这是个好问题.您当然应该查看建议的帖子以获取详细信息,但这里的完整示例也会有所帮助.

RNN Backpropagaion

我认为首先谈论普通的RNN是有意义的(因为LSTM图特别令人困惑)并理解它的反向传播.

当谈到反向传播时,关键的想法是网络展开,这是将RNN中的递归转换为前馈序列的方法(如上图所示).请注意,抽象RNN是永恒的(可以是任意大的),但每个特定的实现都是有限的,因为内存是有限的.结果,展开的网络确实是一个很长的前馈网络,几乎没有复杂性,例如共享不同层中的权重.

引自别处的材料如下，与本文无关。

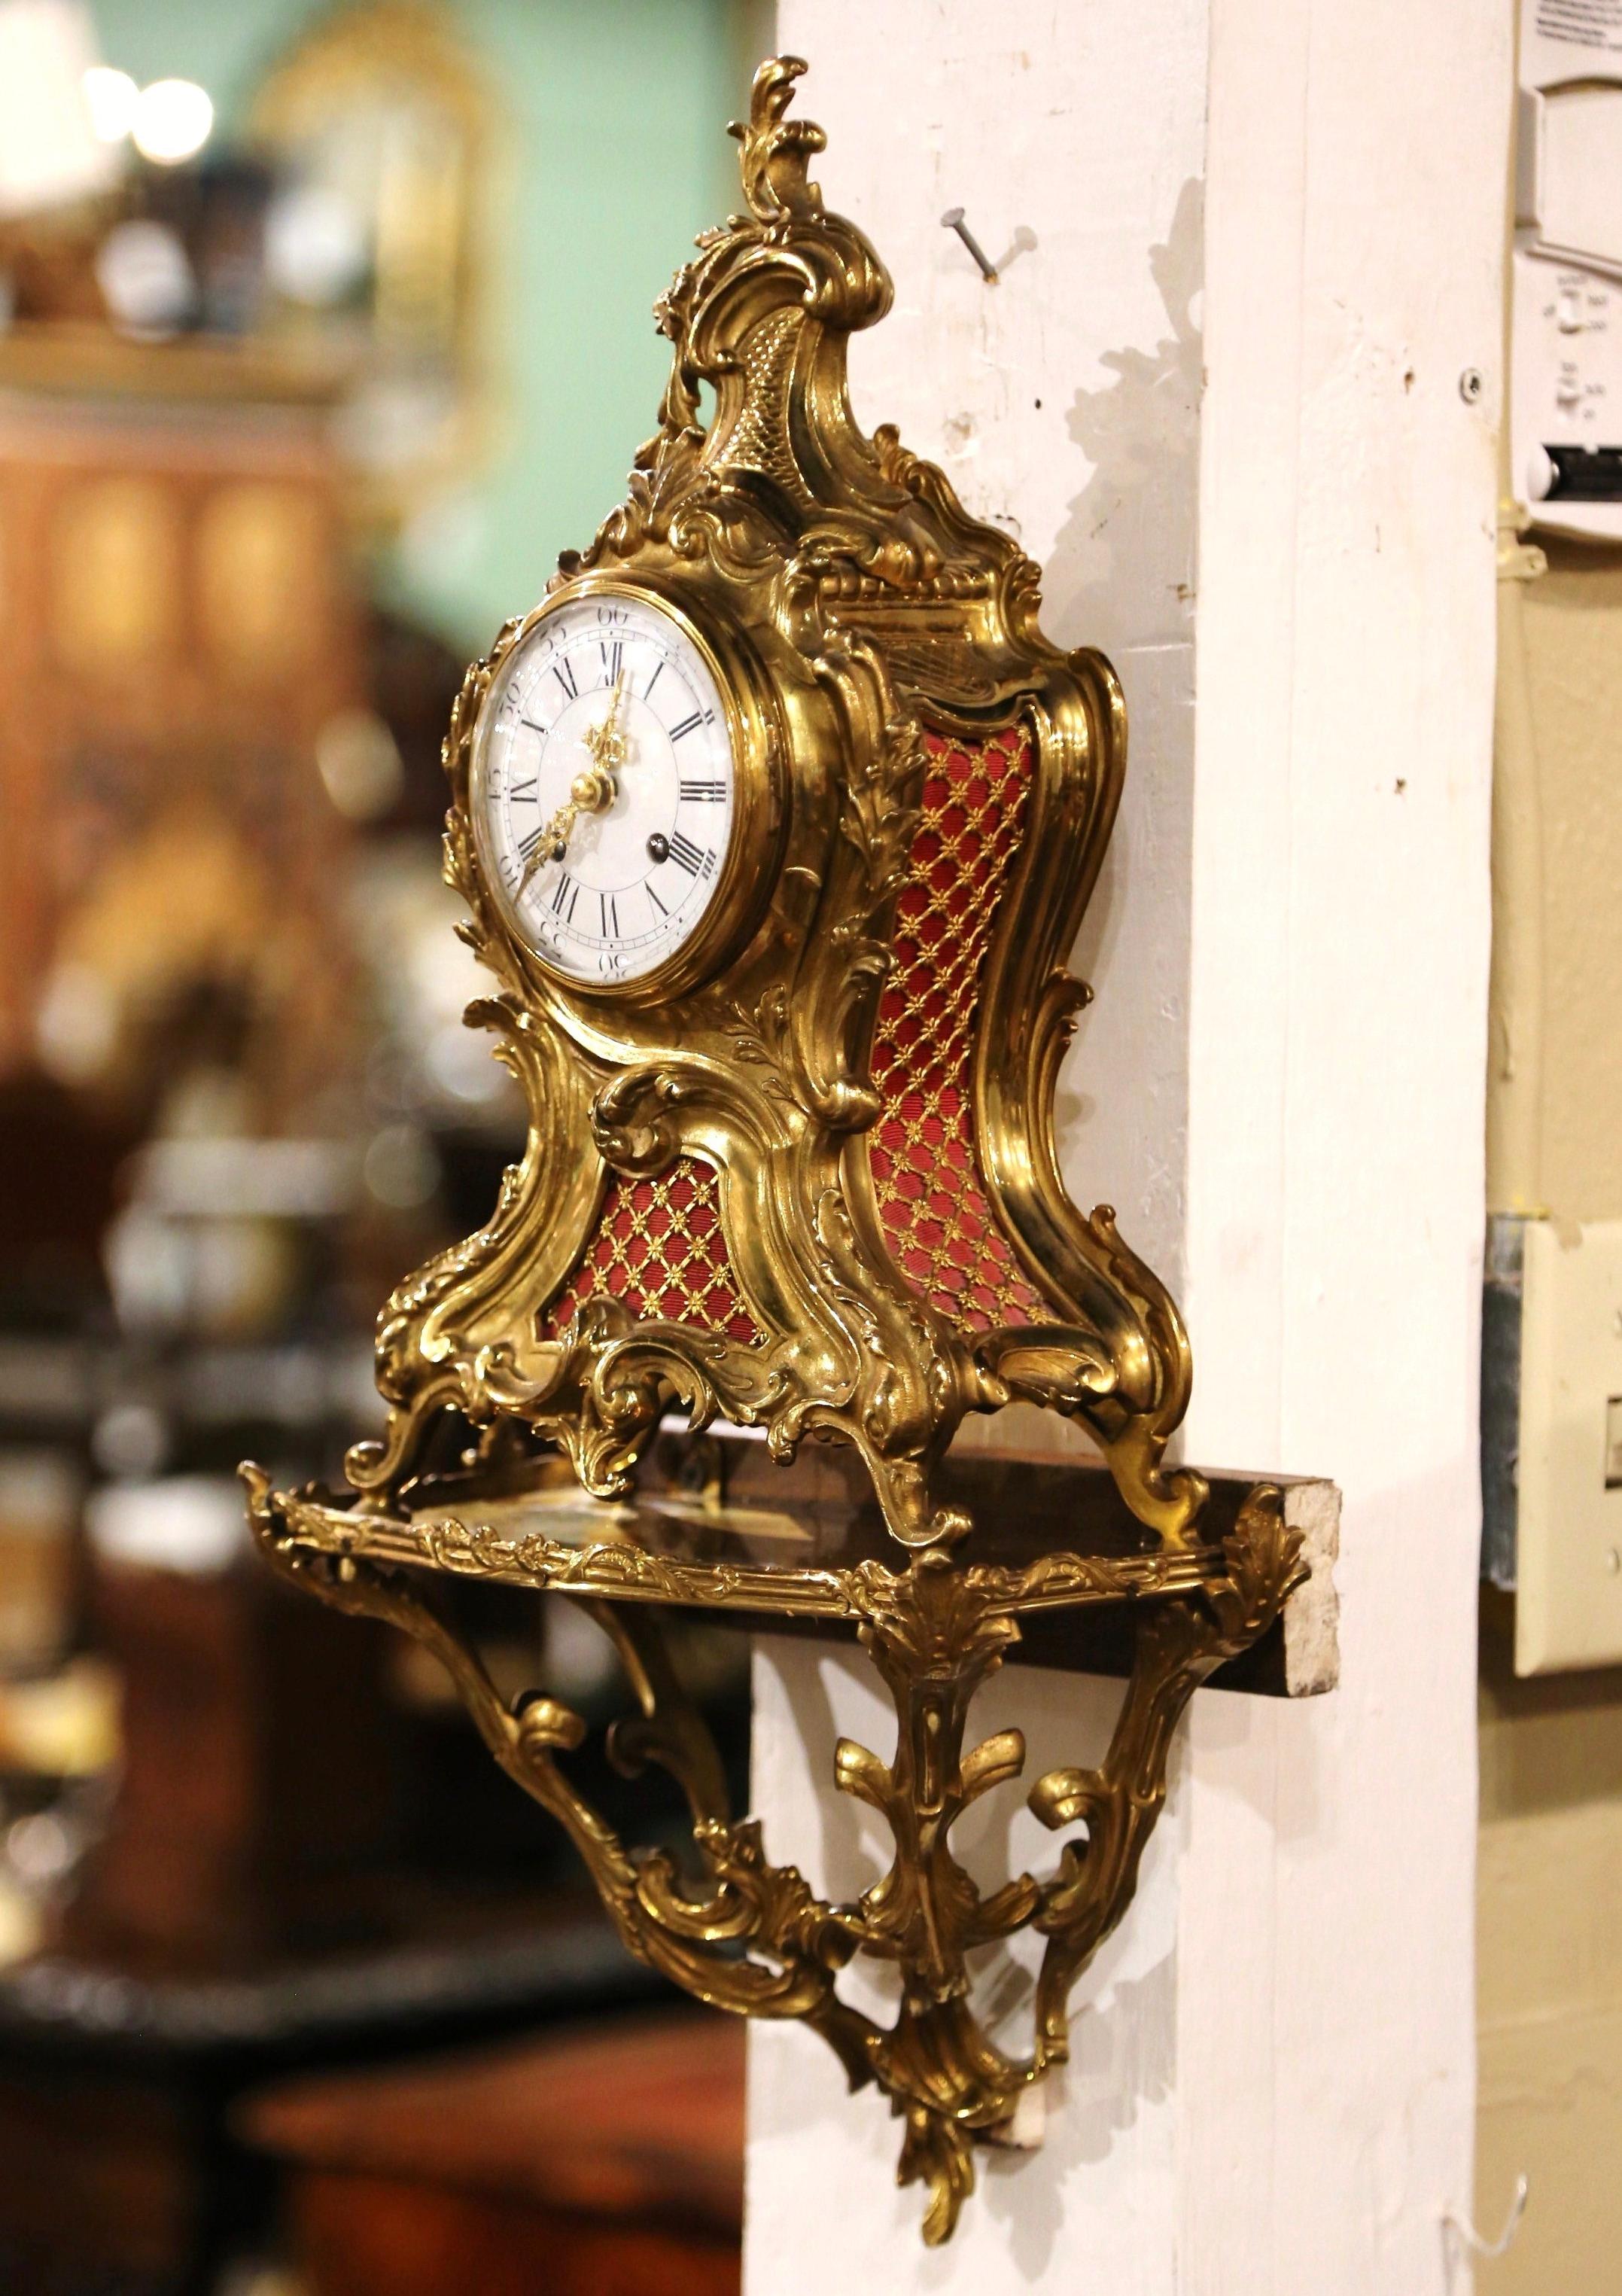 Crafted in Paris, France circa 1860, the antique time keeper can be used as a mantel clock or placed on the original wall bracket; the clock and stand are decorated throughout with foliage, scroll and acanthus leaf motifs. The timepiece is in

让我们来看一个经典的例子,char-rnn by Andrej Karpathy.这里每个RNN单元产生两个输出h [t](送入下一个单元的状态)和y [t](此步骤的输出)由下面的公式,其中Wxh,Whh和Why为共享参数:

rnn-cell-formula

在代码中,它只是三个矩阵和两个偏向量:

# model parameters
Wxh = np.random.randn(hidden_size, vocab_size)*0.01 # input to hidden
Whh = np.random.randn(hidden_size, hidden_size)*0.01 # hidden to hidden
Why = np.random.randn(vocab_size, hidden_size)*0.01 # hidden to output
bh = np.zeros((hidden_size, 1)) # hidden bias
by = np.zeros((vocab_size, 1)) # output bias

前向传递非常简单,这个例子使用softmax和交叉熵损失.请注意,每次迭代使用相同的W *和h *数组,但输出和隐藏状态不同:

# forward pass
for t in xrange(len(inputs)):
  xs[t] = np.zeros((vocab_size,1)) # encode in 1-of-k representation
  xs[t][inputs[t]] = 1
  hs[t] = np.tanh(np.dot(Wxh, xs[t]) + np.dot(Whh, hs[t-1]) + bh) # hidden state
  ys[t] = np.dot(Why, hs[t]) + by # unnormalized log probabilities for next chars
  ps[t] = np.exp(ys[t]) / np.sum(np.exp(ys[t])) # probabilities for next chars
  loss += -np.log(ps[t][targets[t],0]) # softmax (cross-entropy loss)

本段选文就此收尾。